Japan's Research Breakthrough: The eX-GL Model

To crack this problem, a research team led by Professor Masato Kotsugi and Dr. Ken Masuzawa from the Department of Material Science and Technology at Tokyo University of Science (TUS), in collaboration with researchers from the University of Tsukuba, Okayama University, and Kyoto University, developed a novel computational framework called the entropy-feature-eXtended Ginzburg-Landau (eX-GL) model.

This model was applied to study the energy landscape of maze domains within a rare-earth iron garnet (RIG) — a material with particularly complex magnetic behavior. Their findings were published in the peer-reviewed journal Scientific Reports.

"Conventional simulations oversimplify real materials, while experiments reveal complexity without a clear way to quantify cause and effect," said Prof. Kotsugi. "Our physics-based explainable artificial intelligence framework addresses these limitations and is designed to mechanistically explain the temperature-dependent magnetization reversal process."

How the AI-Physics Hybrid Works

The research team began by capturing detailed microscopic images of magnetic domains within the RIG sample across a range of temperatures. These images were then fed into the eX-GL model, which operates in three interconnected stages.
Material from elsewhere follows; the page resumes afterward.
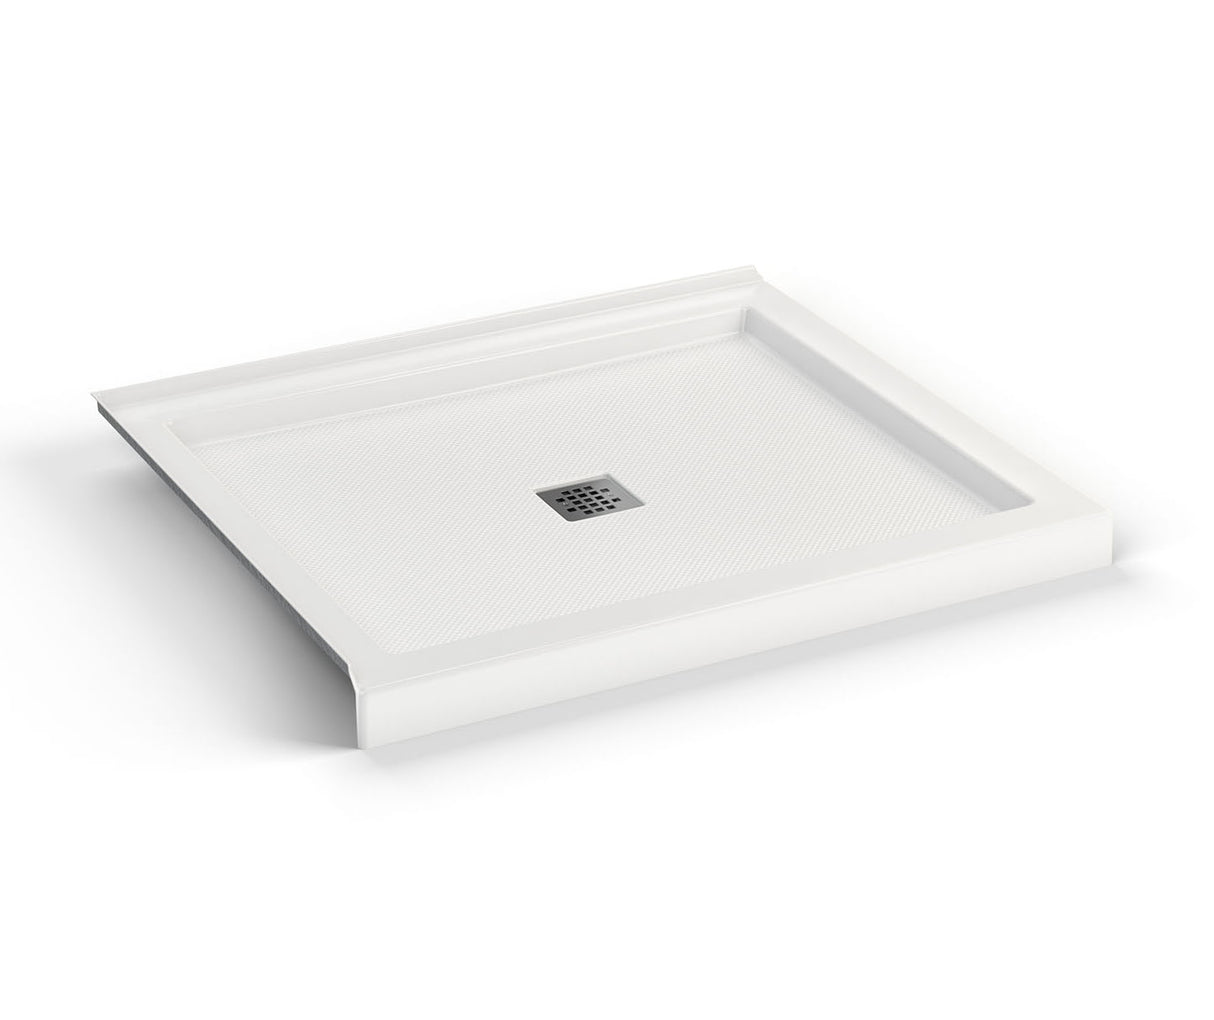 MAAX 420034-542-001-100 B3Square 4236 Acrylic Corner Left Shower Base in White with Anti-slip Bottom with Center Drain
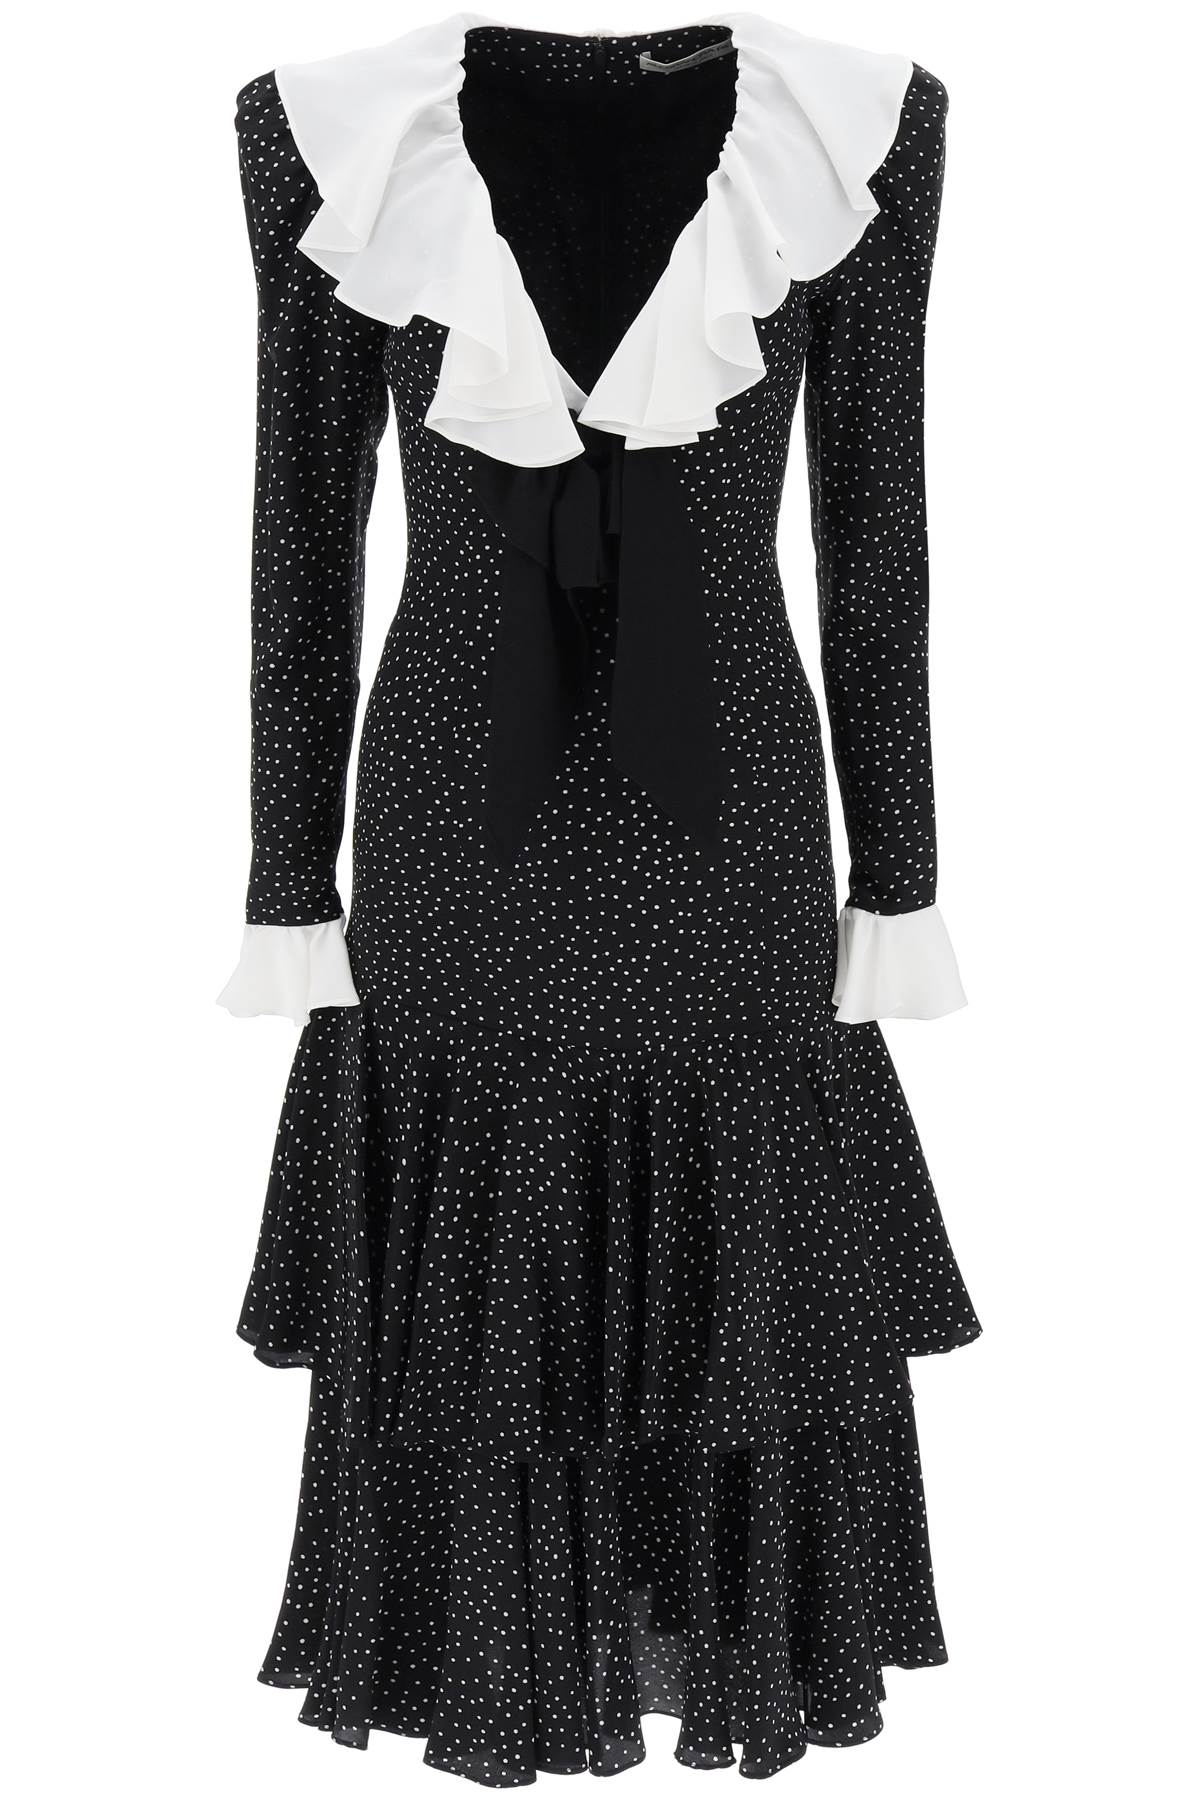 ALESSANDRA RICH POLKA-DOT DRESS WITH CONTRASTING DETAILING

Stage One: Mapping Topological Features

The first stage employs persistent homology (PH), an advanced mathematical technique used to identify structural and topological features within complex datasets. This allowed researchers to detect subtle irregularities and patterns within the magnetic domain images that would otherwise go unnoticed.

Stage Two: Machine Learning Pattern Recognition

Next, machine learning algorithms sifted through the topological data to identify the most significant structural features. This process generated a digital free-energy landscape — essentially a map showing how magnetic microstructures evolve as energy conditions change within the material.

Stage Three: Linking Micro to Macro

Finally, mathematical analysis bridged the gap between these microscopic domain structures and the broader magnetization reversal process, allowing the team to connect what happens at the atomic scale to observable energy behavior in the material as a whole.

Four Hidden Energy Barriers Uncovered

Using this multi-stage approach, the team identified a dominant analytical feature called PC1, which effectively captured the magnetization reversal process across different temperatures. By linking PC1 to physical properties of the material, the researchers were able to visualize four major energy barriers that govern how magnetization reversal unfolds.

A deeper analysis of these barriers revealed how different forms of energy — including exchange interactions, demagnetizing fields, and entropy — contribute to the reversal process. The researchers also found that maze domains become increasingly complex as the total length of magnetic domain walls grows, driven by a dynamic interplay between entropy and exchange energy forces.

"Our eX-GL approach effectively automates the interpretation of complex magnetization reversal processes and enables identification of hidden mechanisms that are difficult to discern using conventional methods," Prof. Kotsugi explained. "Since free energy is a universal thermodynamic metric, our model can be extended to other systems with similar characteristics."

Why This Matters for the Future of Electric Vehicles

The implications of this research extend well beyond academic interest. As demand for high-performance, energy-efficient electric motors grows alongside EV adoption, understanding and minimizing iron loss becomes a critical engineering challenge. By revealing the precise mechanisms through which energy is wasted inside magnetic materials, this AI-physics framework opens new pathways for designing better motor materials and improving overall energy efficiency.

Beyond electric vehicles, the eX-GL model's ability to analyze complex energy landscapes makes it a potentially valuable tool across multiple fields — from advanced manufacturing materials to next-generation electronic devices.

This research was supported by a Japan Society for the Promotion of Science (KAKENHI) Grant-in-Aid for Scientific Research (21H04656) and JST-CREST (Grant No. JPMJCR21O1).